I am reading in the data: 我正在读取数据：

url = "http://localhost:8001"
data = urllib.request.urlopen(url).read()
type(data)

And it returns bytes at the moment 它现在返回字节

Then I want to read it letter by letter 然后我想逐字阅读

for letter in data:
    type(letter)

It returns me that letter is an integer right now. 它返回我字母现在是整数。 Why it was a byte and now it is an integer? 为什么是一个字节，现在是整数？ PS I understand that the integer that I am getting represents a decimal representation of the character. PS我知道我得到的整数表示字符的十进制表示形式。 But this jumping back and forth makes me confused. 但是这种来回跳跃让我感到困惑。

PS I also couldn't find official documentation for for-loop.

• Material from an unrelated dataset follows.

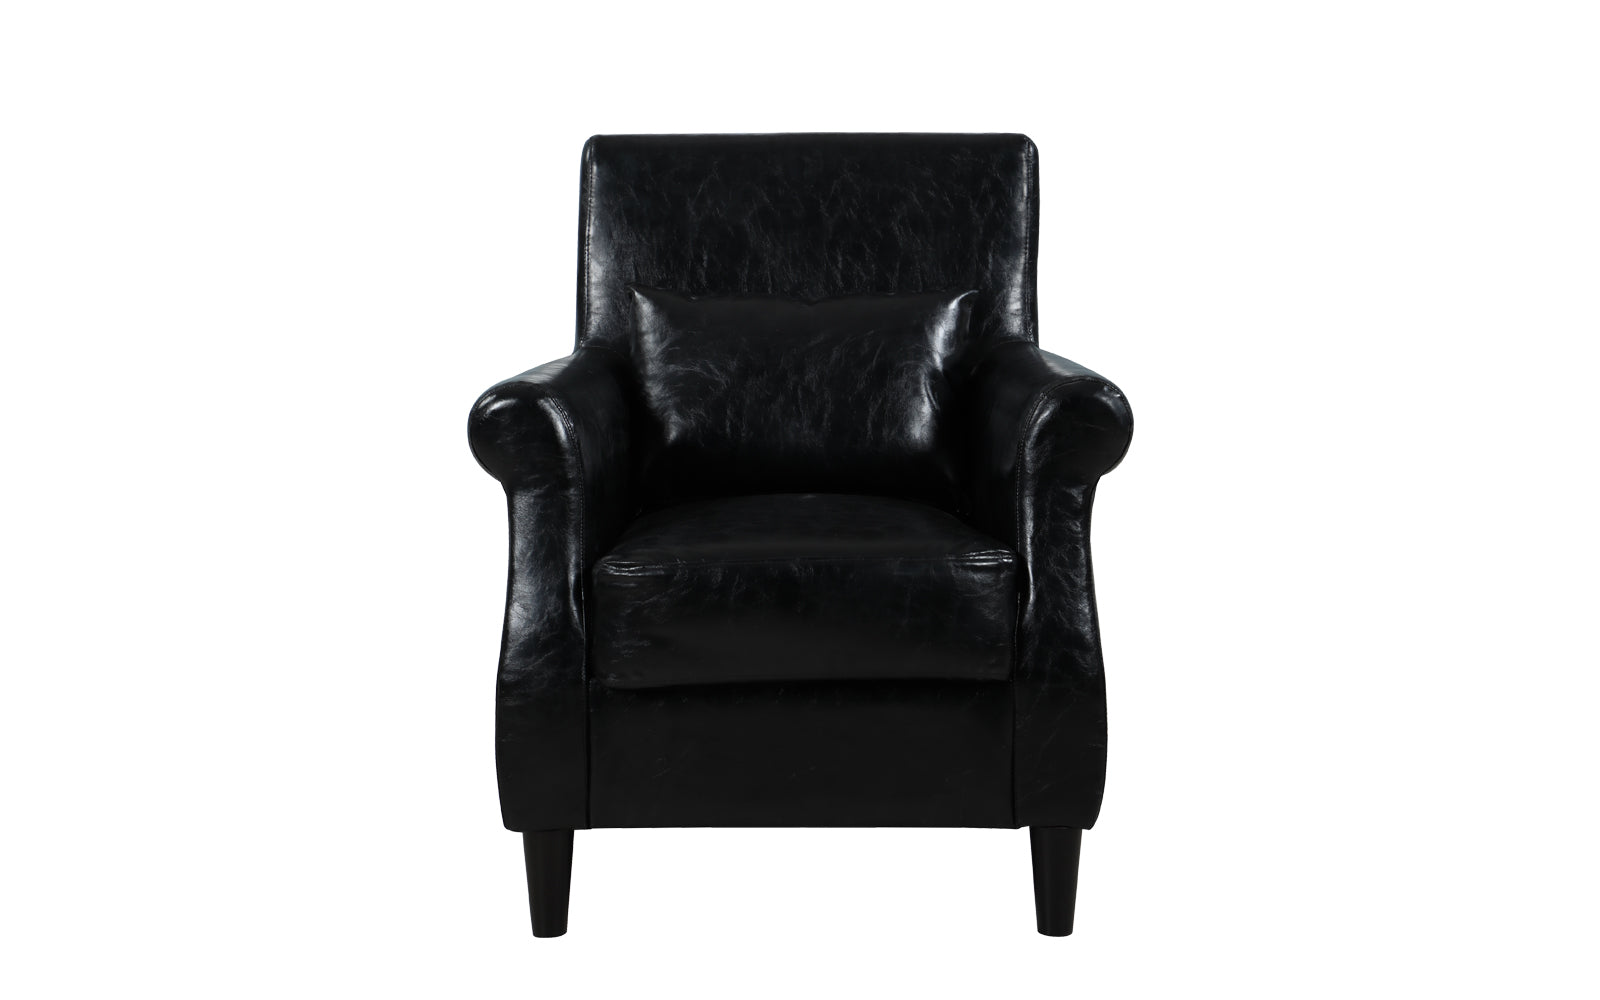 Burgos Classic Victorian-Inspired Scroll Arm Faux Leather Armchair

PS我也找不到for循环的官方文档。 Is there one? 有一个吗？

Thank you. 谢谢。

Answer 1

Decoding the data as Padraic Cunningham suggested should work: 按照Padraic Cunningham的建议解码数据应该可以：

data = urllib.request.urlopen(url).read().decode("utf-8")

You also asked for the official documentatio for the for-loop. 您还要求for循环的正式文档。 I'm not sure if you refer to this or you are talking about the iteration behaviour of data . 我不确定您是否提及此信息，还是在谈论data的迭代行为。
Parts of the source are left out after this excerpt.